L’ordonnance du 19 juin 2024 introduit plusieurs changements notables visant à simplifier et à moderniser le système de publicité foncière. Tout d’abord, elle réintègre les dispositions relatives à la publicité foncière dans le Code civil, consolidant ainsi les règles applicables et facilitant leur accessibilité pour les praticiens du droit et les citoyens. Cette réintégration permet de centraliser les normes juridiques et de les rendre plus cohérentes avec les autres dispositions du Code civil.

Un des aspects majeurs de cette réforme concerne la dématérialisation des procédures de publicité foncière. L’ordonnance prévoit la mise en place d’un système électronique pour l’enregistrement et la consultation des informations foncières, remplaçant progressivement les supports papier traditionnels. Ce système électronique vise à améliorer l’efficacité, la rapidité et la sécurité des opérations de publicité foncière. Il permet également de réduire les coûts administratifs et de faciliter l’accès aux informations pour les professionnels et les particuliers.

La réforme introduit également des modifications dans les procédures d’inscription et de radiation des droits réels immobiliers. Les nouvelles dispositions simplifient les formalités administratives, réduisent les délais de traitement et renforcent les garanties offertes aux parties prenantes. Par exemple, les délais d’inscription des actes notariés sont raccourcis, et des mécanismes de notification électronique sont instaurés pour informer les parties concernées de l’aboutissement des procédures.

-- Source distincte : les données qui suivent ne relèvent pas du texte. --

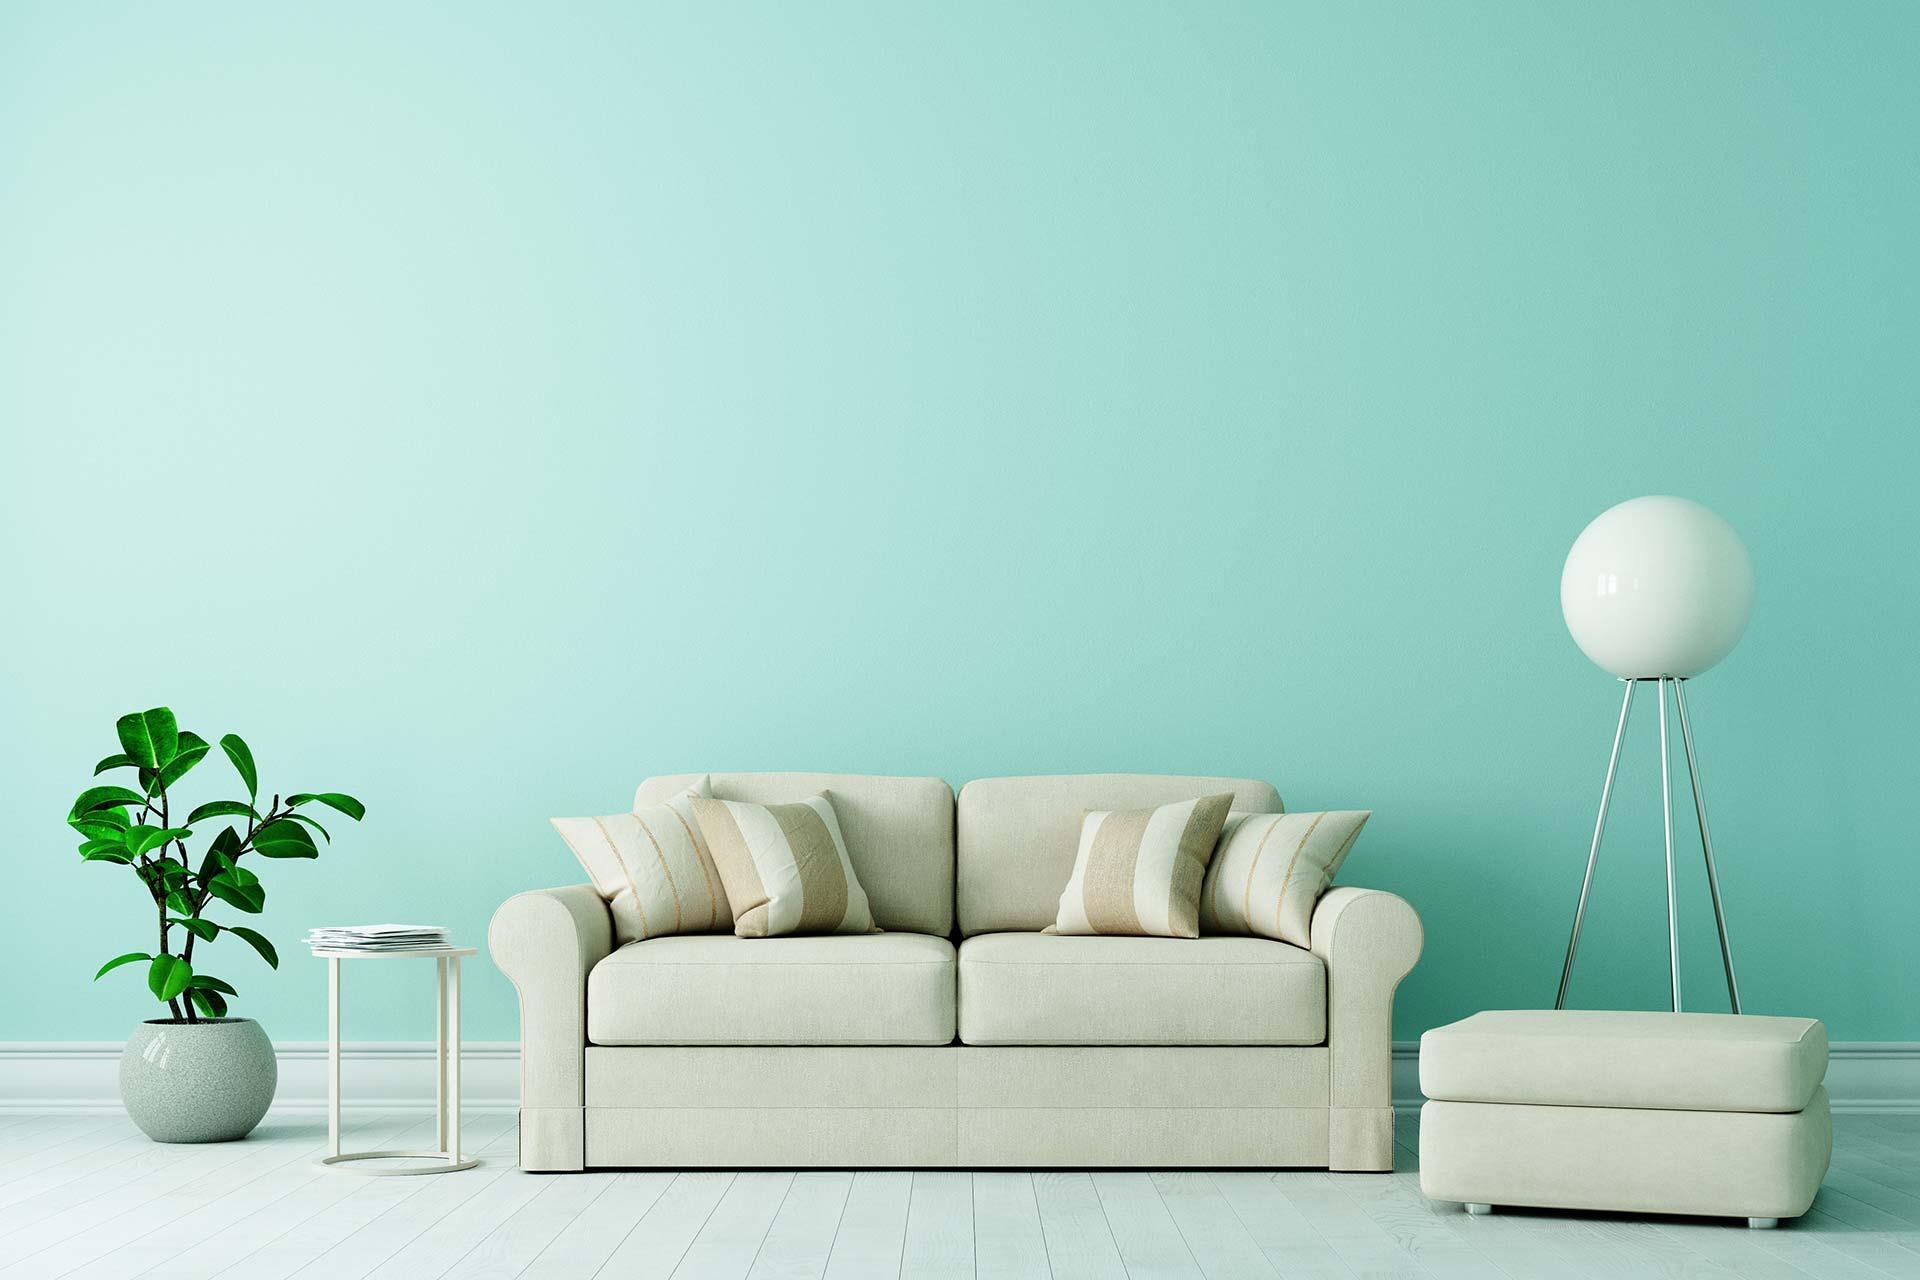 Leistungen - Sofa in Altbau Wohnzimmer mit moderner Einrichtung und Platz an der grünen Wand für eine Leinwand

Un autre point important de l’ordonnance est la clarification des responsabilités des divers acteurs impliqués dans la publicité foncière, notamment les notaires, les conservateurs des hypothèques, et les autorités judiciaires. Les rôles et obligations de chaque acteur sont mieux définis, ce qui contribue à renforcer la sécurité juridique des transactions et à prévenir les erreurs et les fraudes.

Bien que la réforme introduite par l’ordonnance du 19 juin 2024 soit partielle, elle constitue un premier pas vers une refonte plus complète du droit de la publicité foncière. D’autres modifications et ajustements sont prévus pour les mois à venir, visant à compléter et à affiner les nouvelles dispositions. La phase suivante de la réforme portera probablement sur des aspects plus spécifiques et techniques de la publicité foncière, en s’appuyant sur les retours d’expérience des professionnels et des usagers.

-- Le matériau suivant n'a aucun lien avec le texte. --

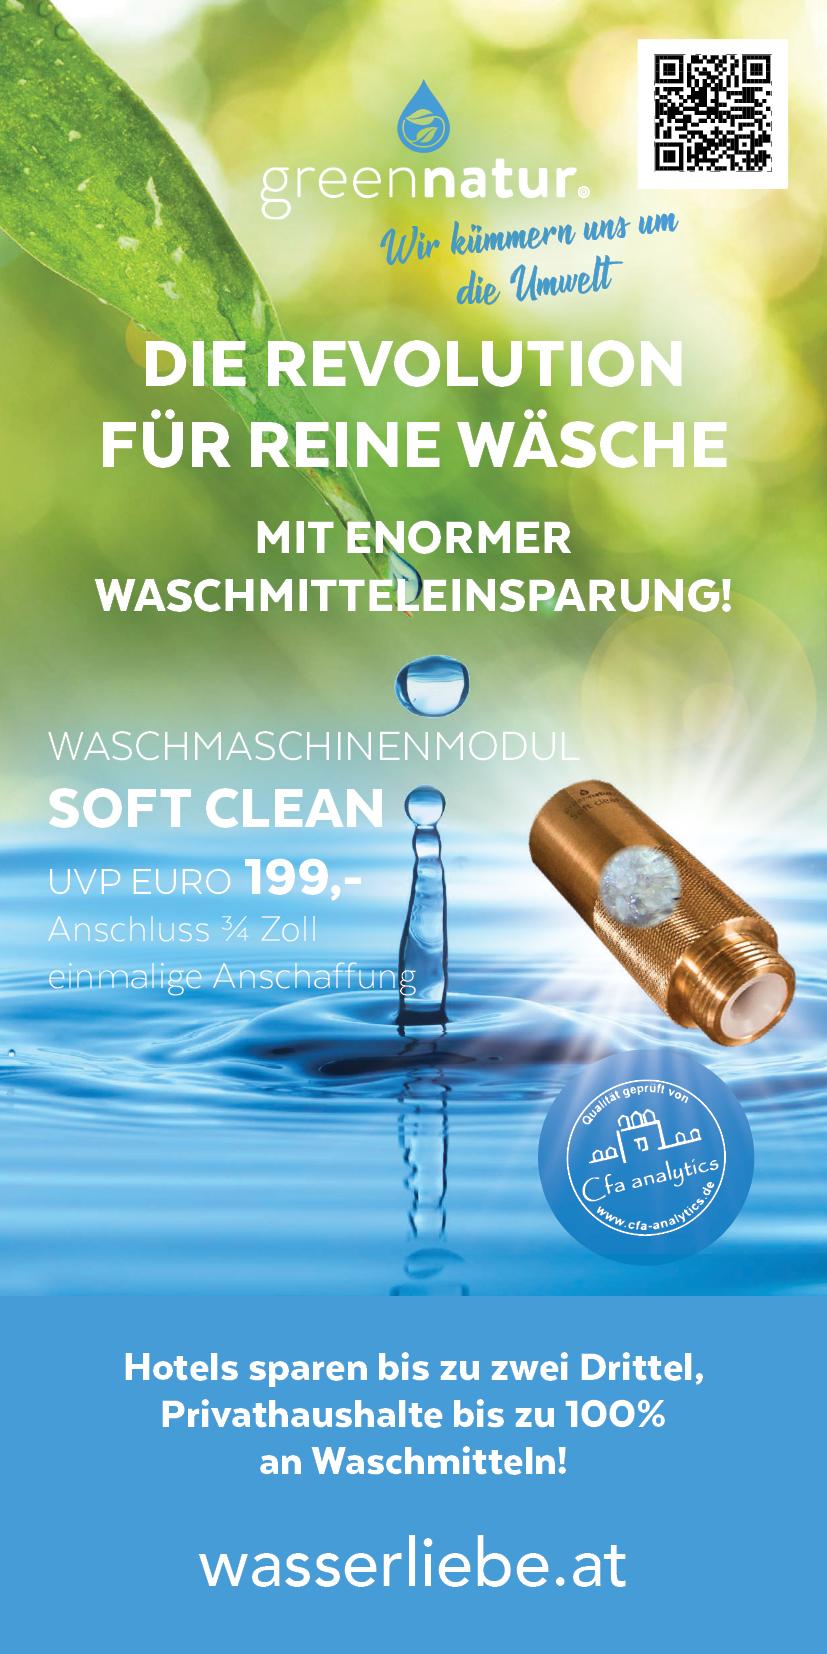 greennatur softclean wäsche waschen Waschmittel Persil Ariel Martina Still gesunde Seele Waschmodul Reinigung Umwelt Nachhaltig

L’impact de cette réforme sur le marché immobilier et la sécurité des transactions foncières est significatif. En modernisant les procédures et en renforçant la transparence, l’ordonnance contribue à accroître la confiance des investisseurs et des particuliers dans le système juridique foncier français. Cette confiance est essentielle pour favoriser un marché immobilier dynamique et transparent, capable d’attirer des investissements et de soutenir le développement économique.